The rest of the town seems to have been cast in about five minutes, with characters easily manipulated to serve whatever storyline that episode has cooked up.  Jocelyn Schitt, the mayor’s wife and eventual firm friend of the Roses, seems to have whichever personality suits the scene in question, while her husband, Roland Schitt, is invariably my least favourite thing about any given moment.  Nevertheless, the supporting cast are really only there for exactly that: to support the Roses as they make the most of their situation and learn what it means to be self-sufficient.  Stevie Budd gets perhaps the closest to them, mostly through her abusive friendship with David, which truly conveys what happens when two souls fully understand each other.

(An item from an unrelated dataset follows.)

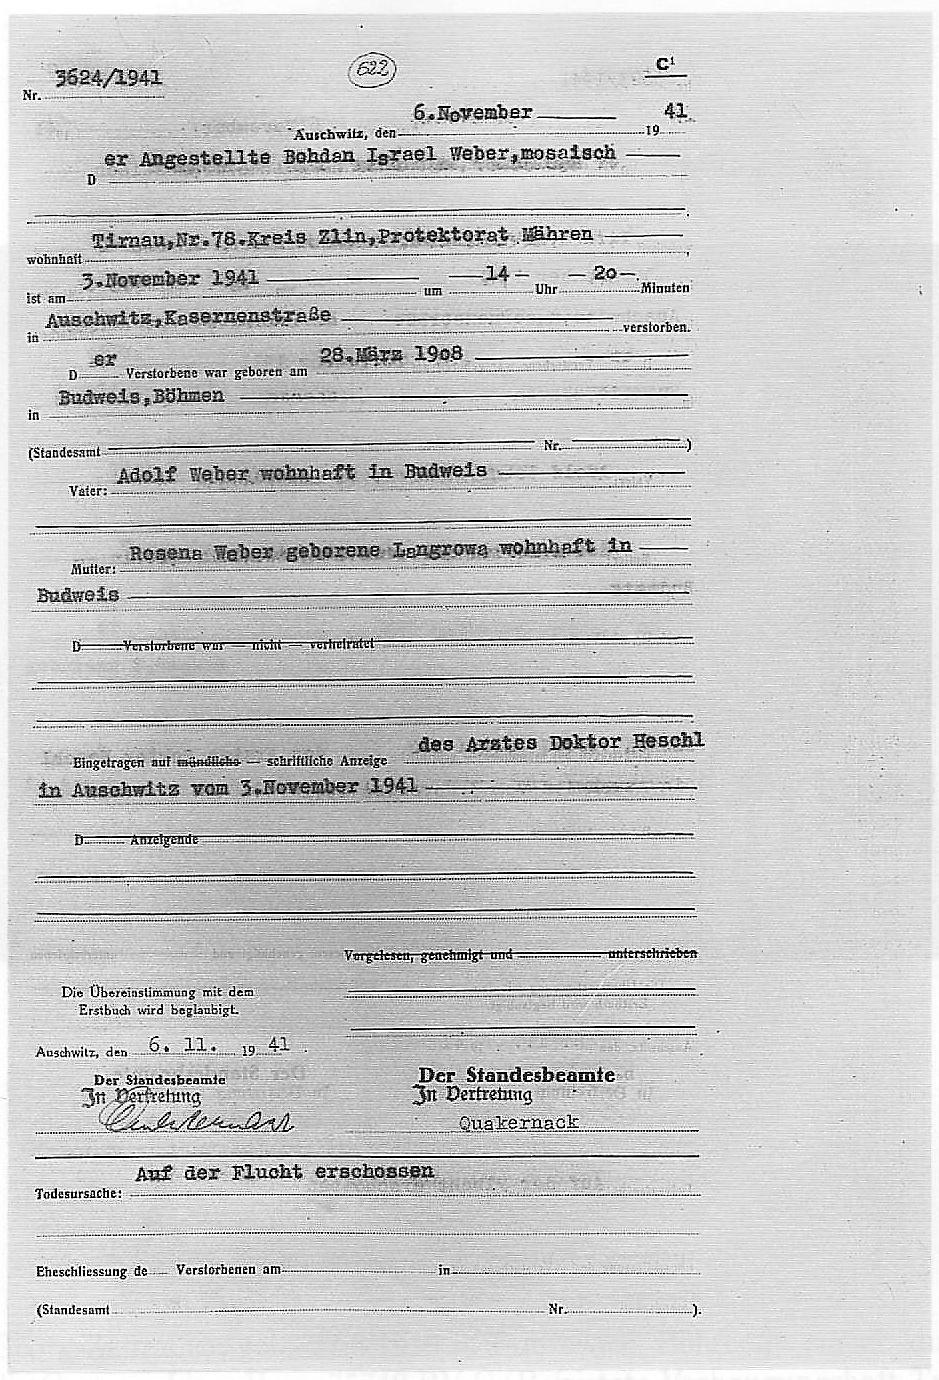 Úmrtní list Bohdana Webera — zastřelen na útěku (Auschwitz, 6.11.1941, auf dem Flucht erschossen)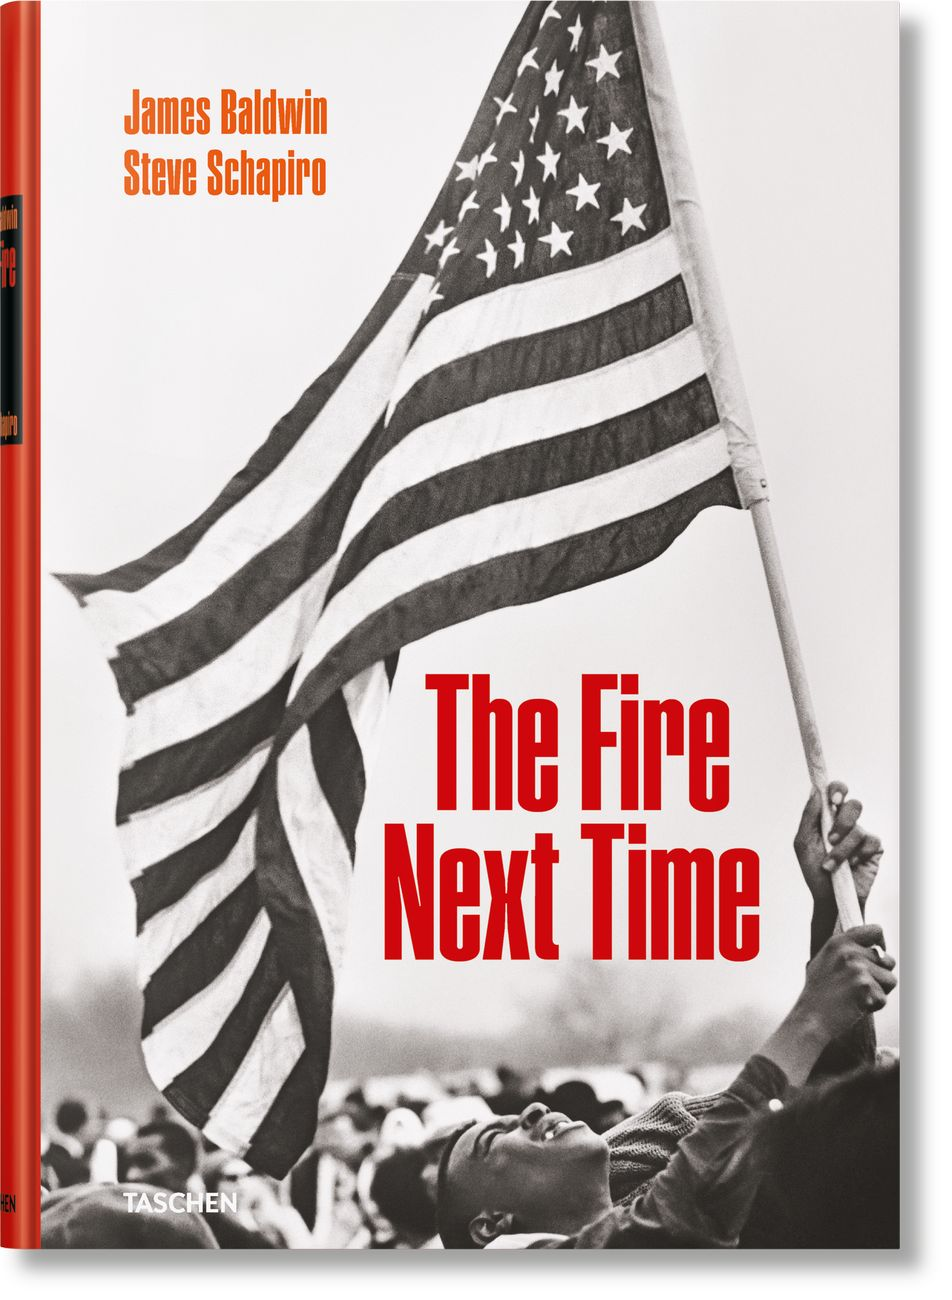 James Baldwin & Steve Schapiro, The Fire Next Time, 1963

Maybe it’s its Canadian origins, but everything about Schitt's Creek is just so nice.  Its name might sound like a Samuel Beckett novel or play, but it’s infinitely more accessible.  There’s wit and there’s sentiment.  There are heartfelt gestures, such as when Patrick and David sing Simply The Best to each other, and there’s degrading ridicule (“Fall off a bridge, please!”) thanks to David’s ability to scathe seethingly scathing insults.  There’s a refreshing approach to sexuality (people just seem to fall in love with people – well – David does) and an uncovering of what’s truly important in this life: compassion (while taking the piss).  So let’s conclude.  I’ve seen Schitt's Creek.  It’s really good.  You’ve read this whole thing, so off you go now and watch it please.